» **Exercise brief**
Nothing but the text should be carried over: reproduce all the data exactly and leave out every image.

» **The data**
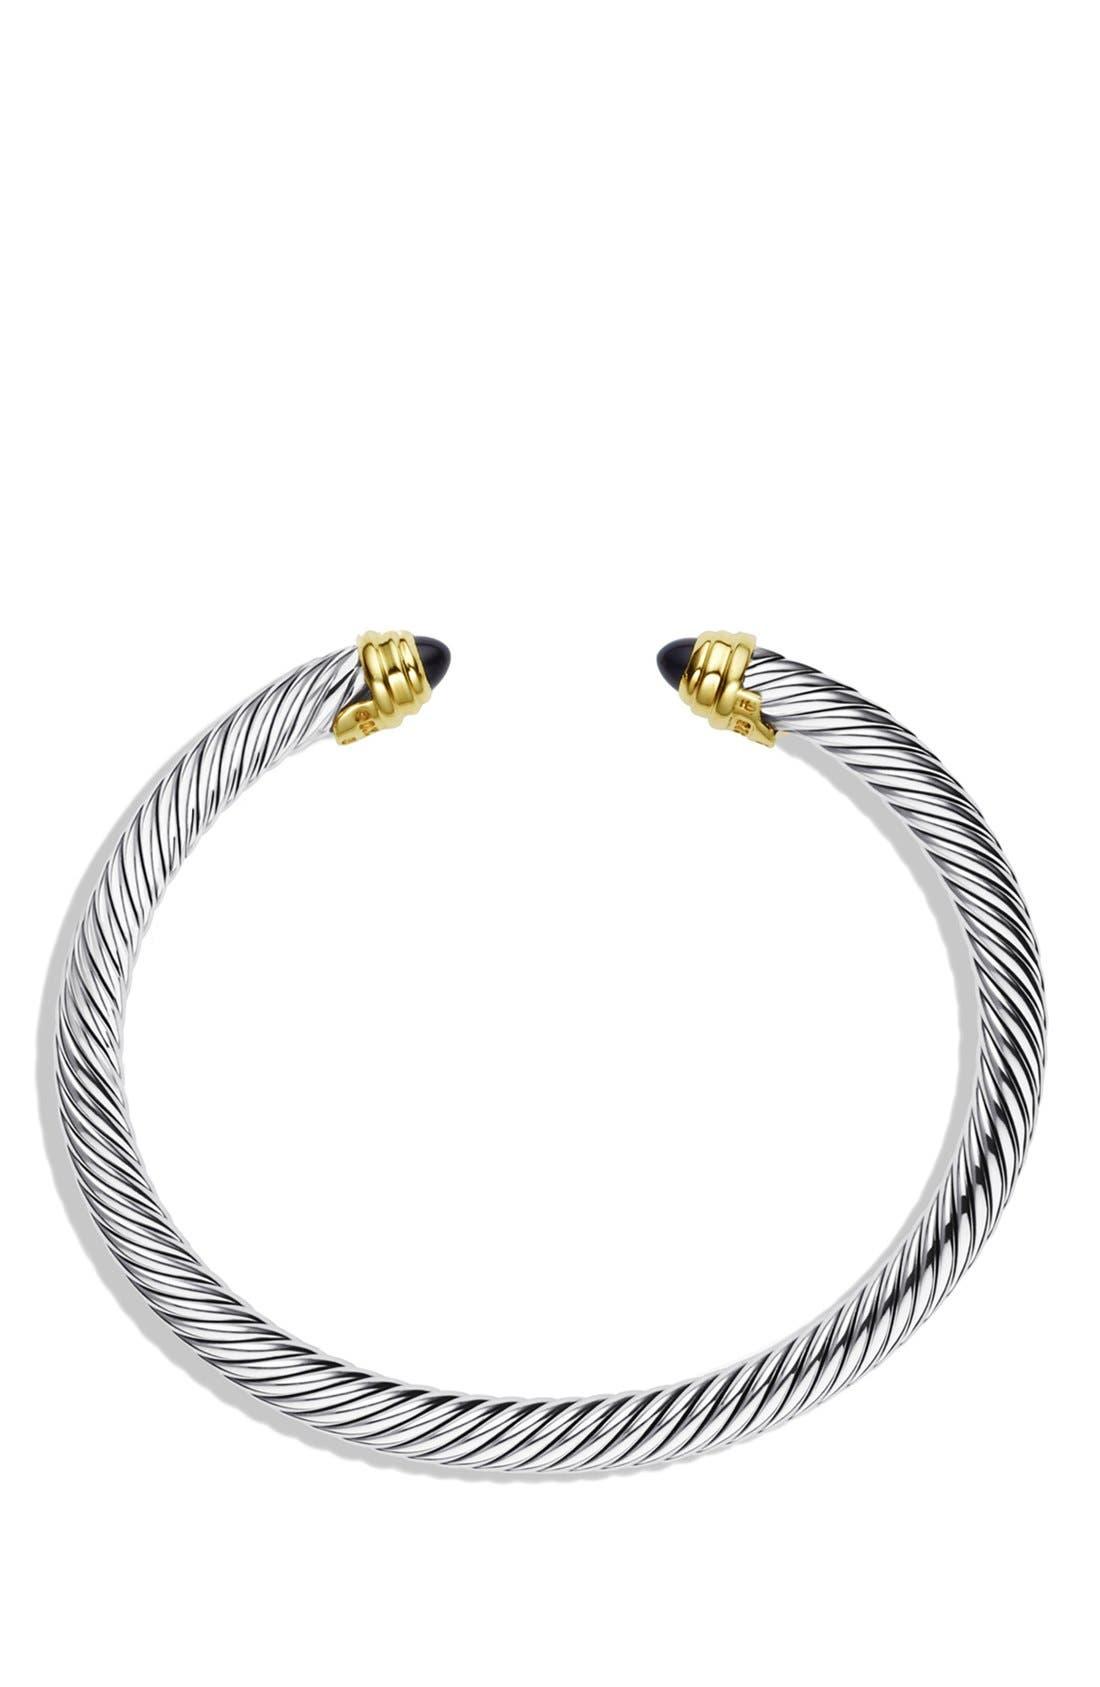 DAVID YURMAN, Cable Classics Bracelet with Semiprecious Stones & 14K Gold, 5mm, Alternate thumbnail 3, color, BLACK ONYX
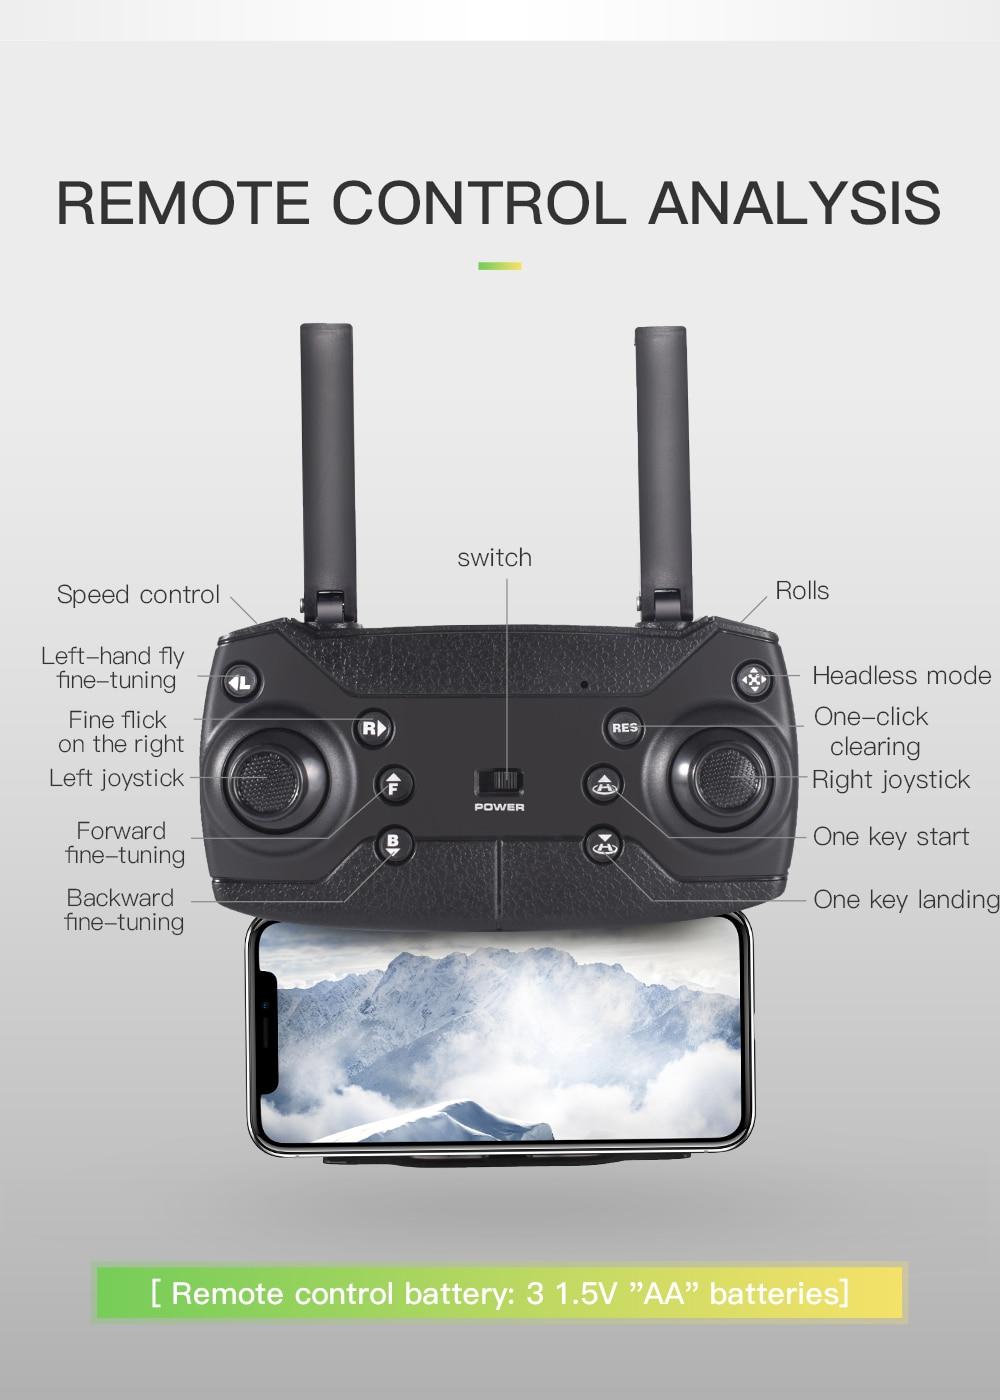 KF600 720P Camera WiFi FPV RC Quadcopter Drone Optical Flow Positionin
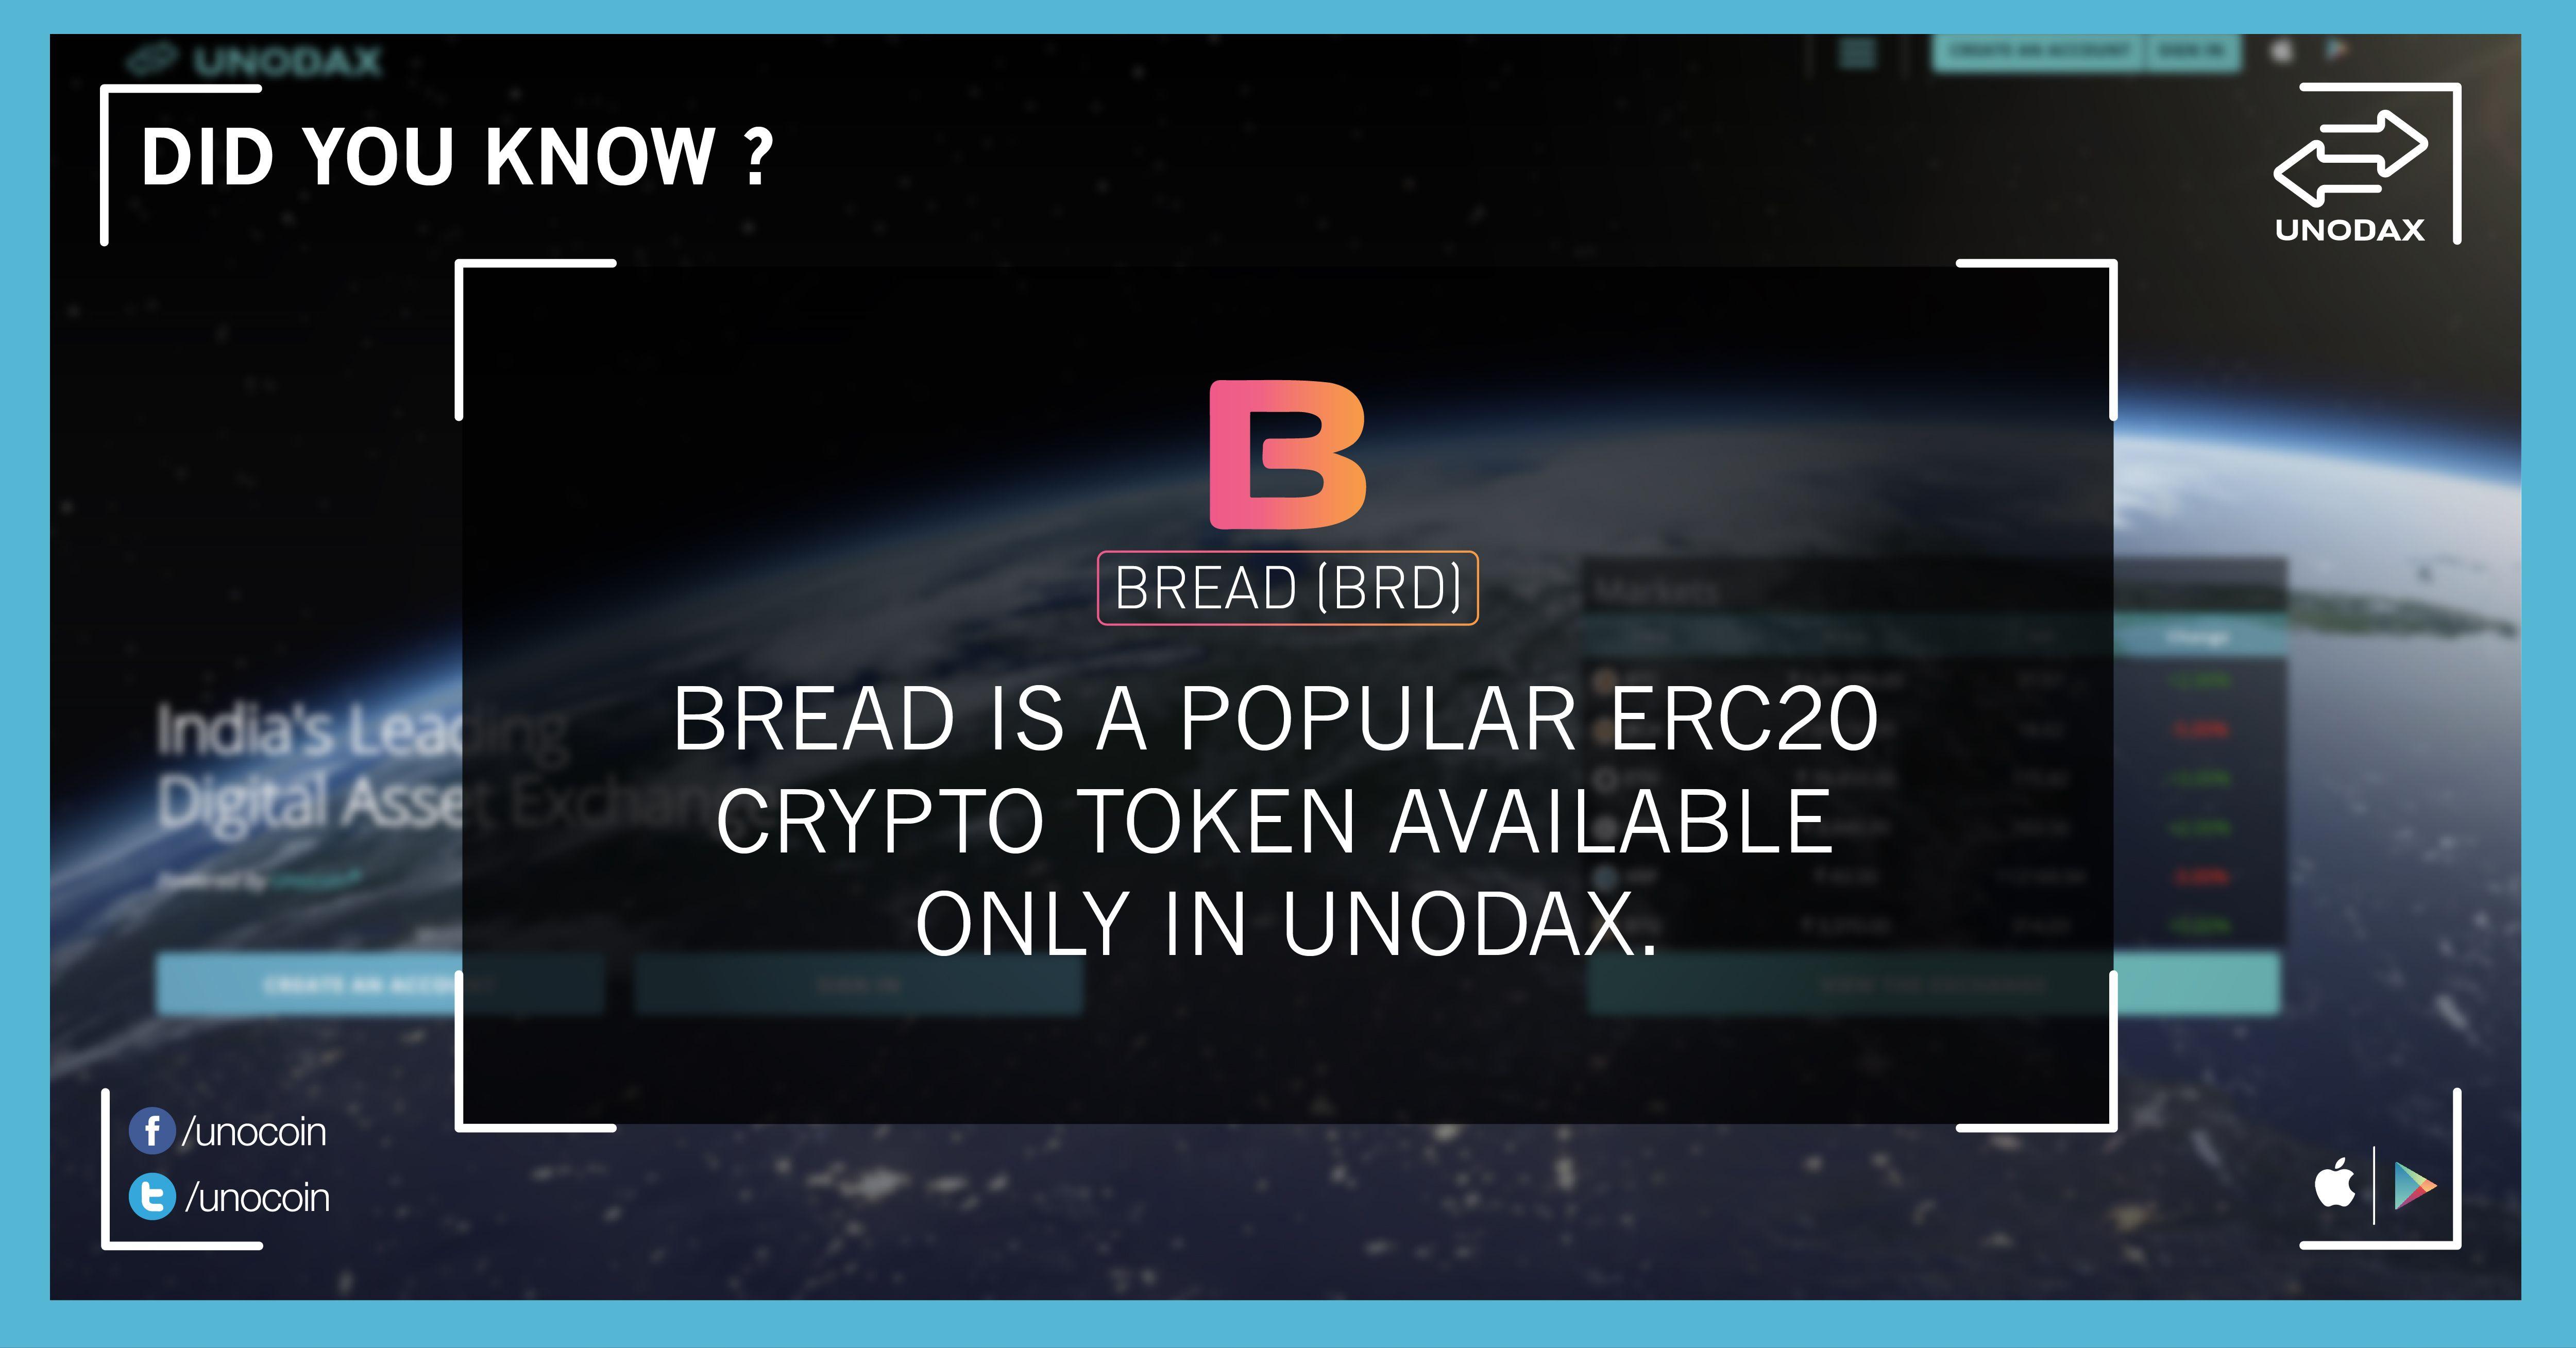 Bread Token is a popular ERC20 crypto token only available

» **Task answer**
 DAVID YURMAN, Cable Classics Bracelet with Semiprecious Stones & 14K Gold, 5mm, Alternate thumbnail 3, color, BLACK ONYX
 KF600 720P Camera WiFi FPV RC Quadcopter Drone Optical Flow Positionin
 Bread Token is a popular ERC20 crypto token only available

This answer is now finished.